The thought of Him not being in my life, kills me. I would be half living, half curled up in a bottle somewhere, just don’t try to save me. I don’t wish to live like I did before Him. Especially since I can’t remember what it was like. How did I get through this world without Him? I’m independent, I know how to take care of myself, for the life of me I realize there is no going back to that girl. She really doesn’t exist any longer, it’s all gone. I gave all of me to Him.
My big question : what is this like for men? How does He know I’m the one? Is He looking forward to all of this? He seems to be.
Bitches: ‘So, do you think you 2 will be married, or live together.’
(Me) I don’t know.
Bitches: ‘ uh huh, He hasn’t mentioned either to you?’

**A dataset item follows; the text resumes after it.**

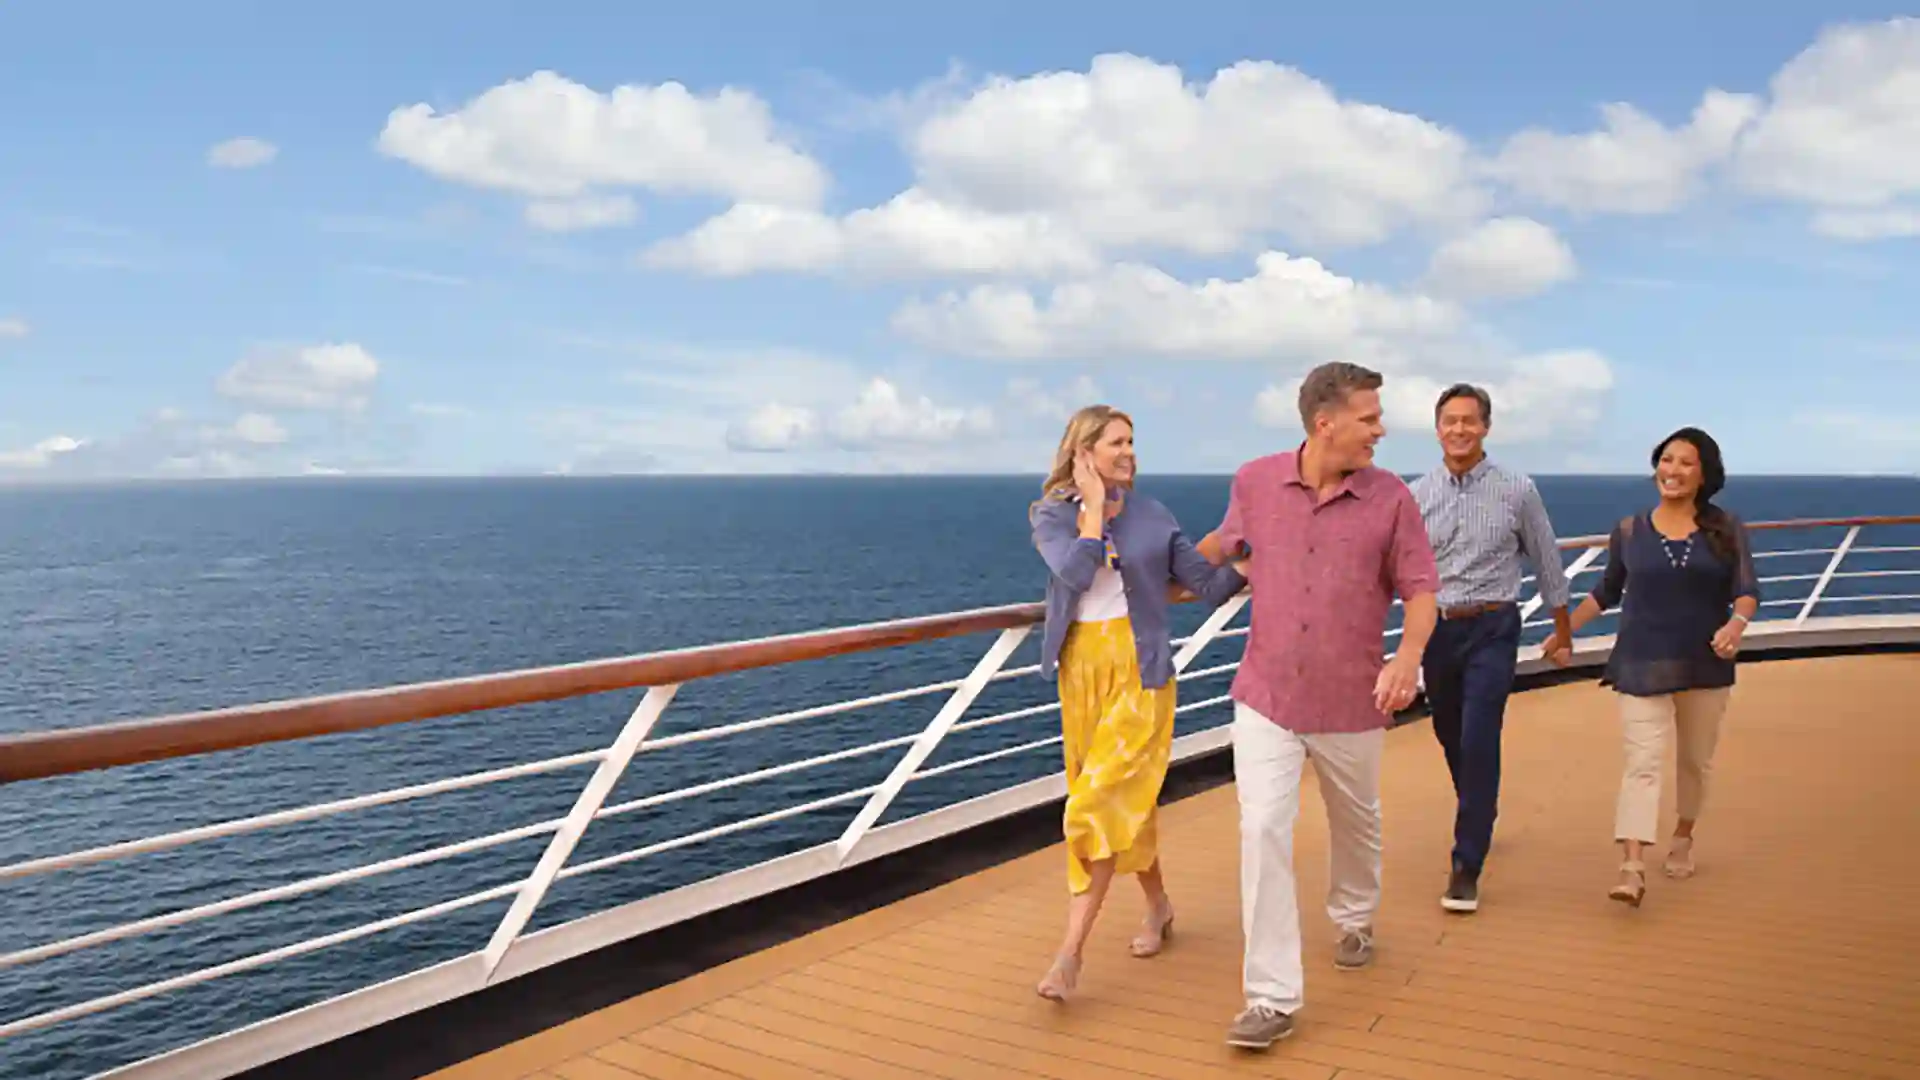 People walking on cruise ship deck with ocean in background.

They talk amongst themselves. I’ll bet He has but MS.PITA won’t give an inch, does she ever act like a normal female, will she get married, she might have to wear a dress, He would insist on it, I bet, so she probably changes the subject , she likes her blue jeans. He handles her so well, she’s such a brat. I love her ring, He knows her well that He could pick something she would like, knowing her she has told Him ,no gifts, cuz she hates everything, but He is actually the one in charge here, not her (giggles), wonder if He’s mentioned marriage, living together but PITA here doesn’t talk about it much, so He might think she’s not interested, she so is. Did you see the moment she mentions Him she tears up. Wow. Ice queen no longer. We must think of some new nicknames now. Ugh… what us different about Him, He has kept her attention, something no one could do before. I bet she’s different around Him ( no Sir/yesSir). She kneels before this Master or He wouldn’t be here, that’s different PITA didn’t do that for any. I only get that the sex is fantastic. She won’t tell us anything. When did she tell Him she loved Him for the first time. I haven’t see any pictures, probably doesn’t take any. Hey, I have a few. (Giggles) hear that she has a few, anyone know of her ever taking a pic with anyone before, nope. Not me. She’s not one to immortalize any man. Hmm, but this one. Hey, I have pics up in my home of us. Do you think He actually knows about her, cuz she’s not much of a talker. Hey, I talk. Well He makes me, I’ve gotten better. (Giggling). I notice she respects Him, she says nothing bad out of His prescense. She’s not so bratty. Hey, cuz my ass hurts, just don’t say ‘ow’ around Him, well I cant. ( giggles) Daddy really is her Master,hmm that’s interesting. Why didn’t you say much. Hey, because you act like this.
(This was the chatter around me, about me, but not to me. I just listened), bitches.
One thing I did notice, was once we hit the one year mark, He changed. He sets our pace, and things are moving along. Slow and steady, but moving nonetheless. I have no control ,nor do I need it. I have no idea where we are headed, nor do I ask. I figure my trust in Him will show me the way, or He will just tell or start a discussion, I’m not so good at those. I fear more are coming.
Ok so I’m not mushy(that’s changed), sentimental (that’s changed), crying female ( that’s changed ), it’s not just about sex ( that’s changed). We talk, laugh, share together ( that’s changed). Sounds like a new me has emerged.